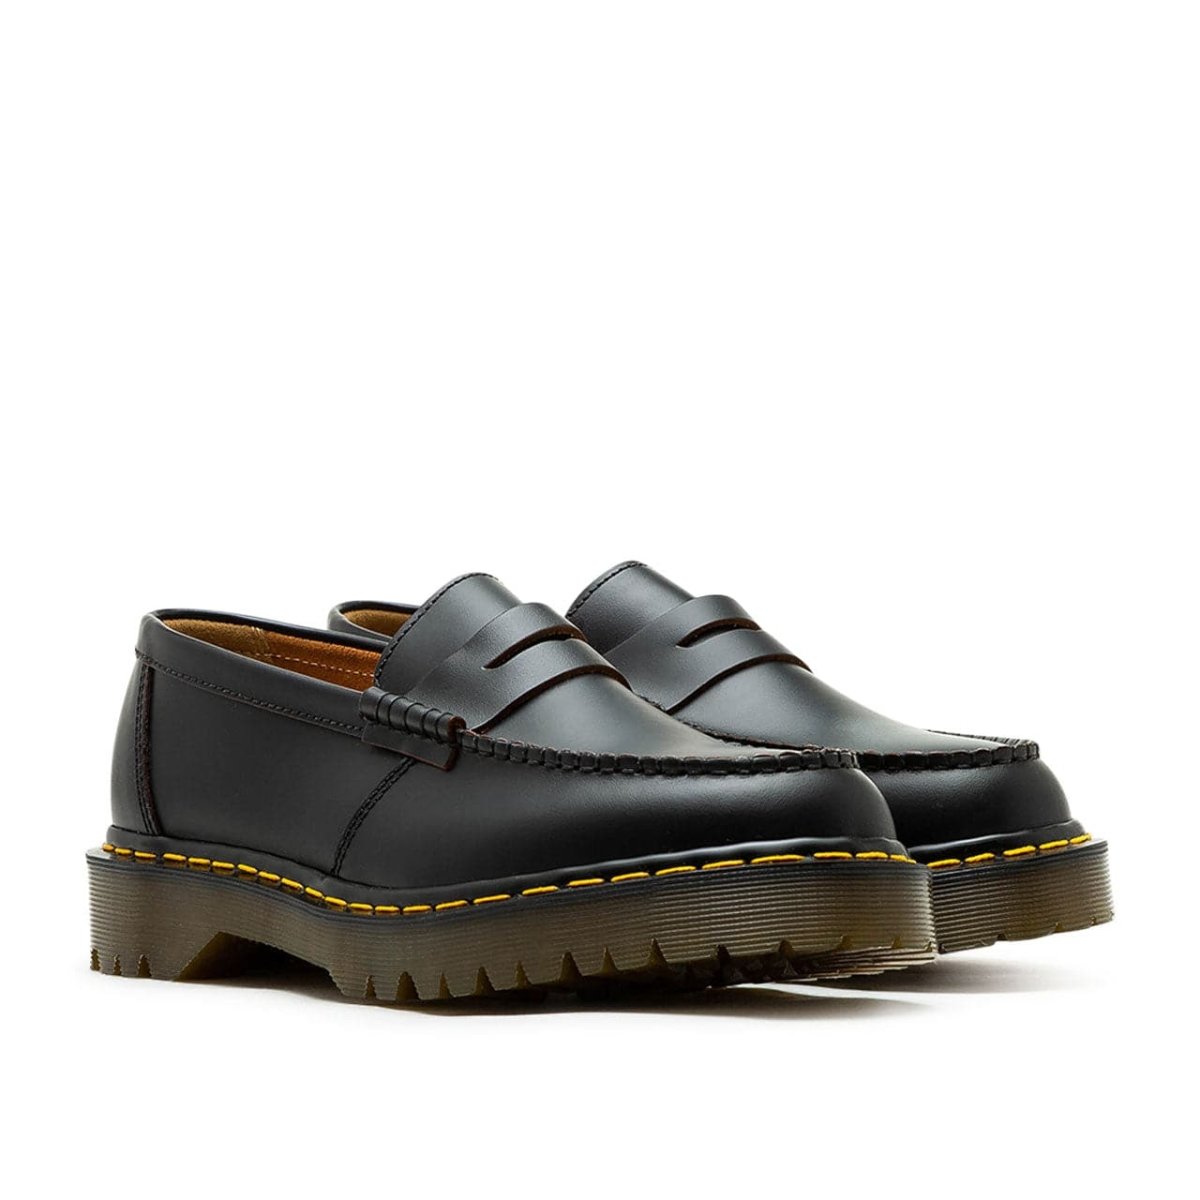 Dr. Martens Penton Bex Leather Loafers (Schwarz)  - Allike Store
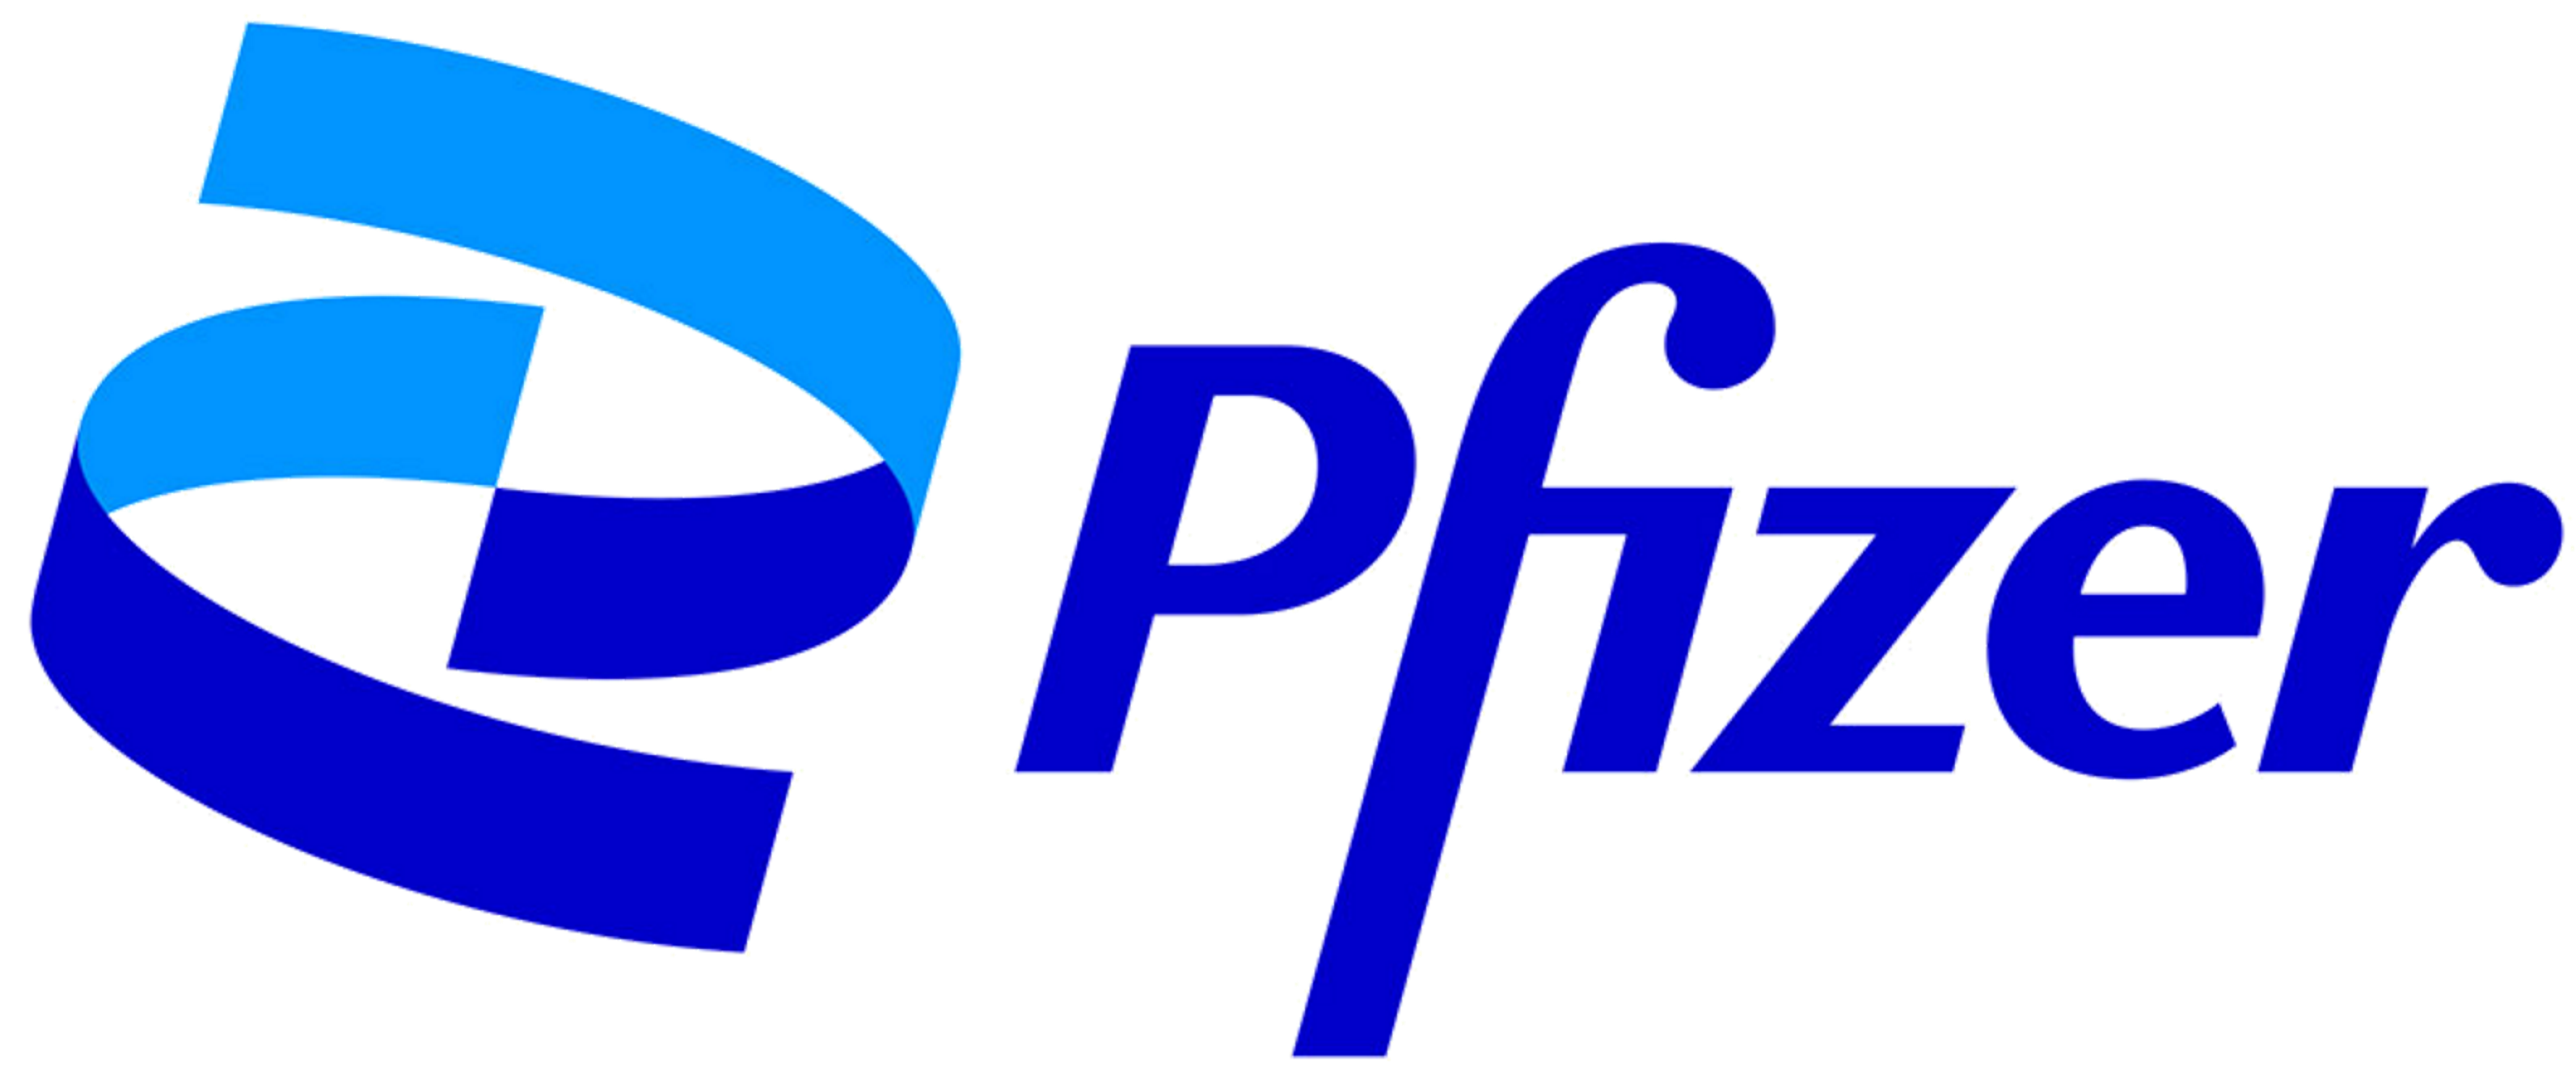 pfizer_20210109-1
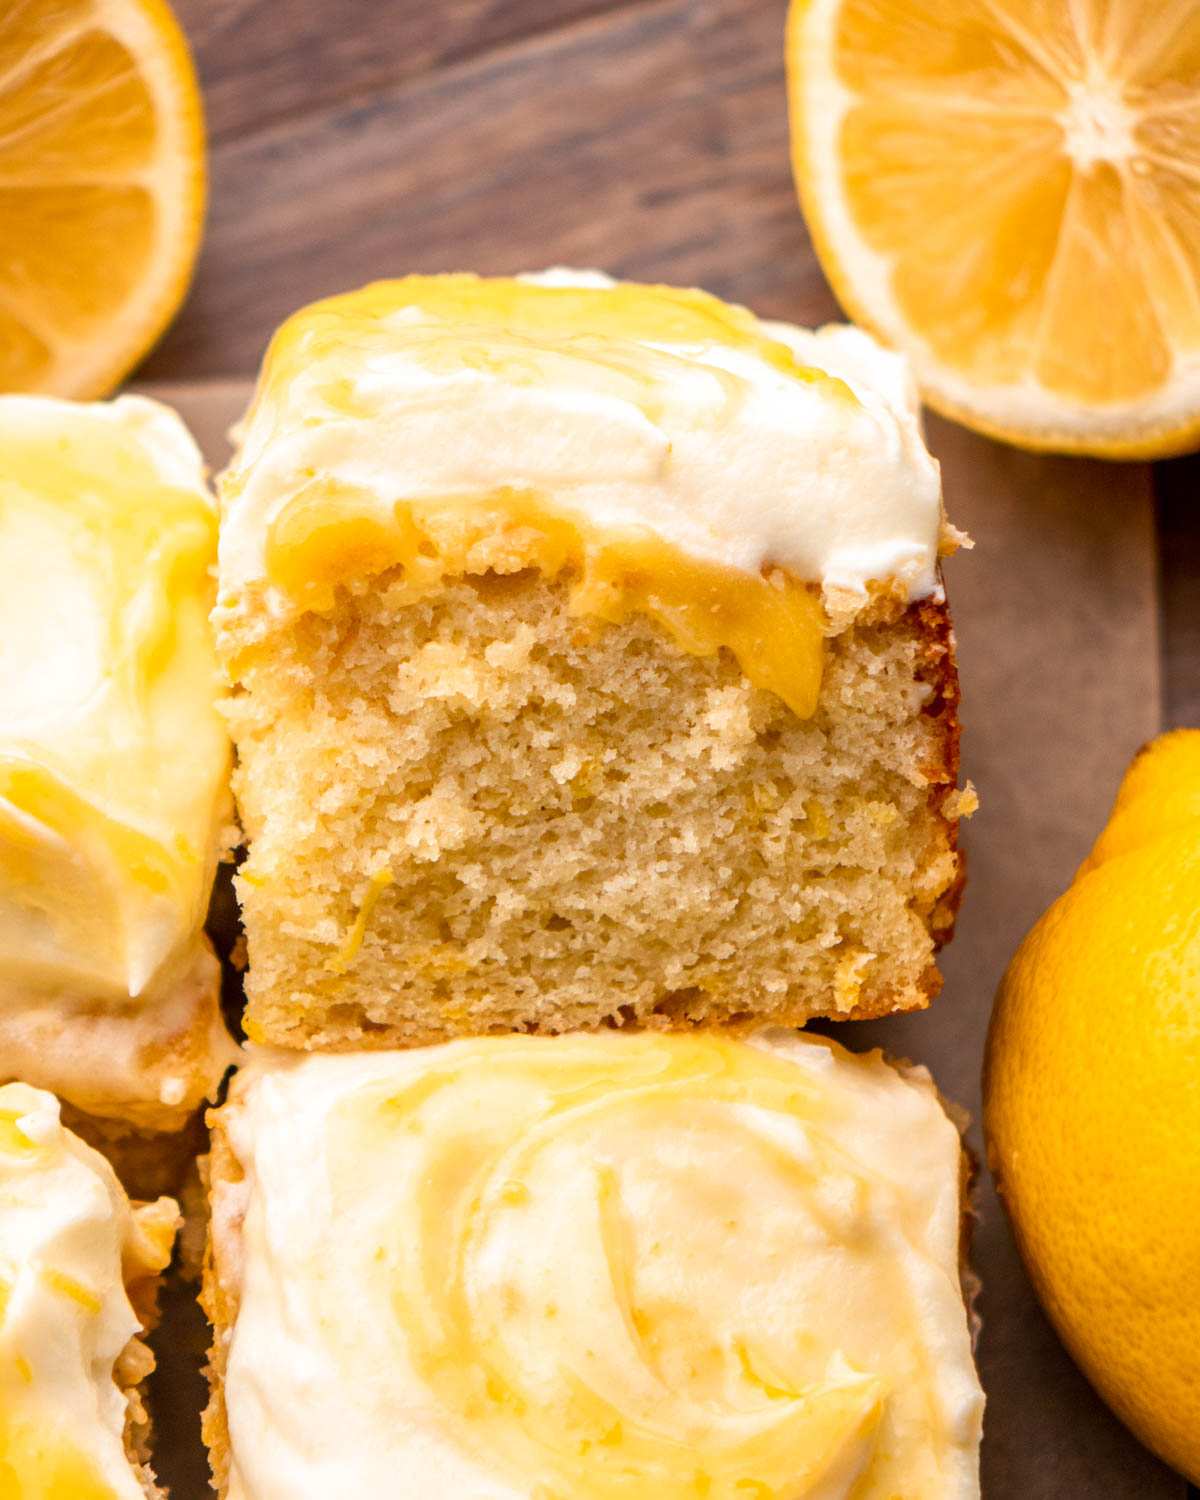 slice of lemon curd cake on its side with lemons around
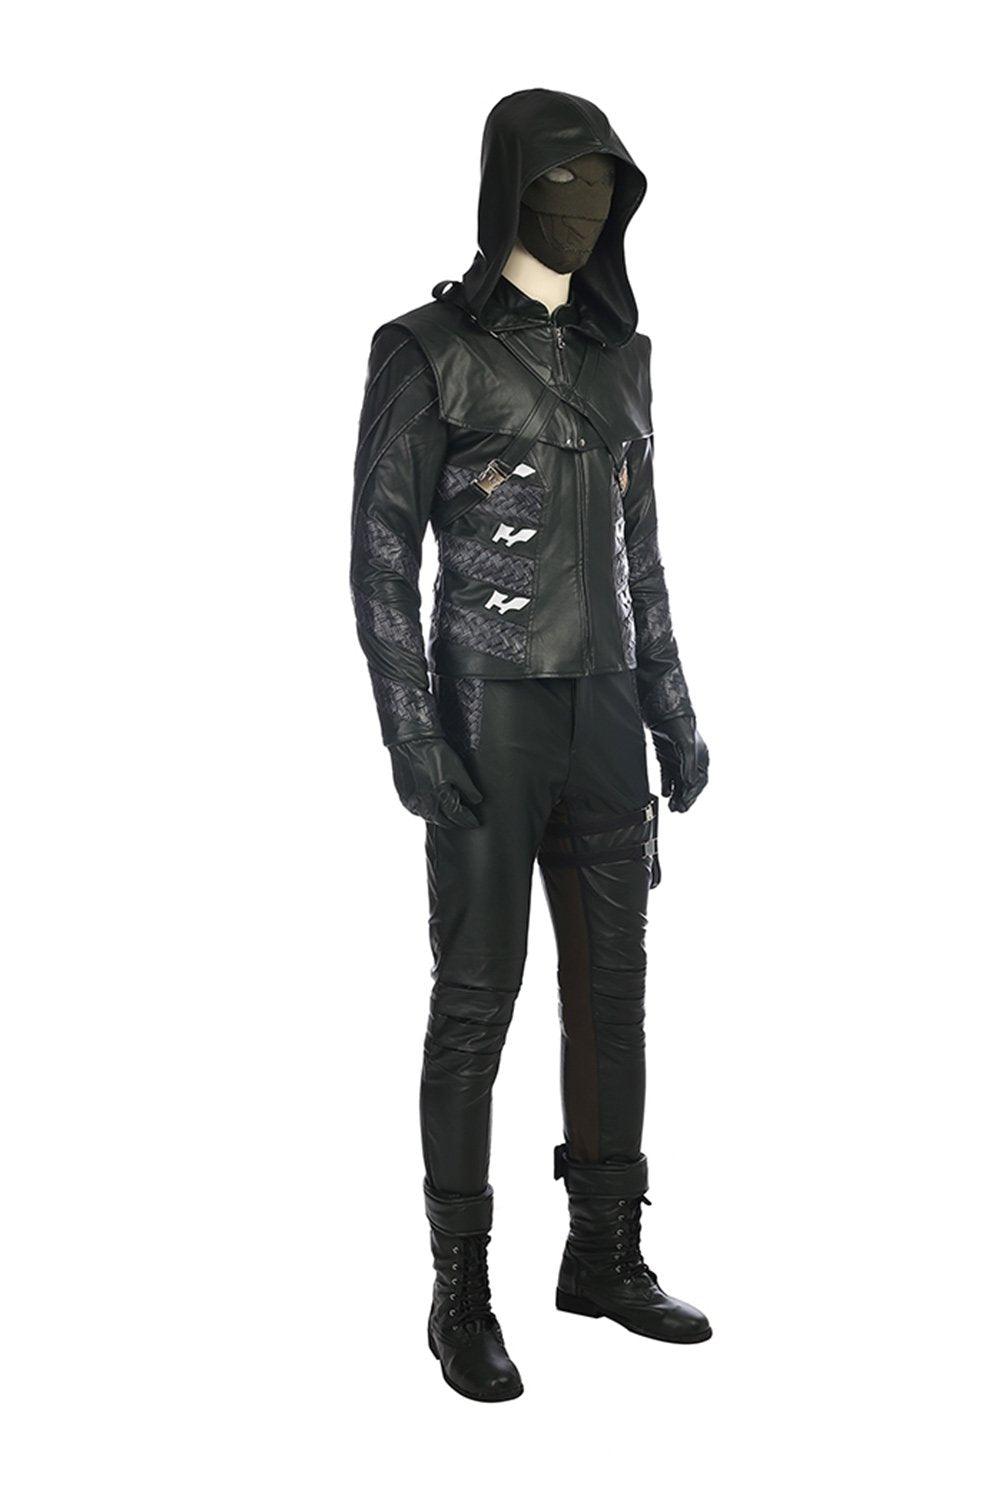 Arrow Season 5 Adrian Chase Prometheus Outfit Cosplay Costume

===

Task to carry out:
Only an exact copy of the lines from the one with "slice of lemon" through the last line of the data above is wanted, and no pictures.

Written response:
 slice of lemon curd cake on its side with lemons around
 Arrow Season 5 Adrian Chase Prometheus Outfit Cosplay Costume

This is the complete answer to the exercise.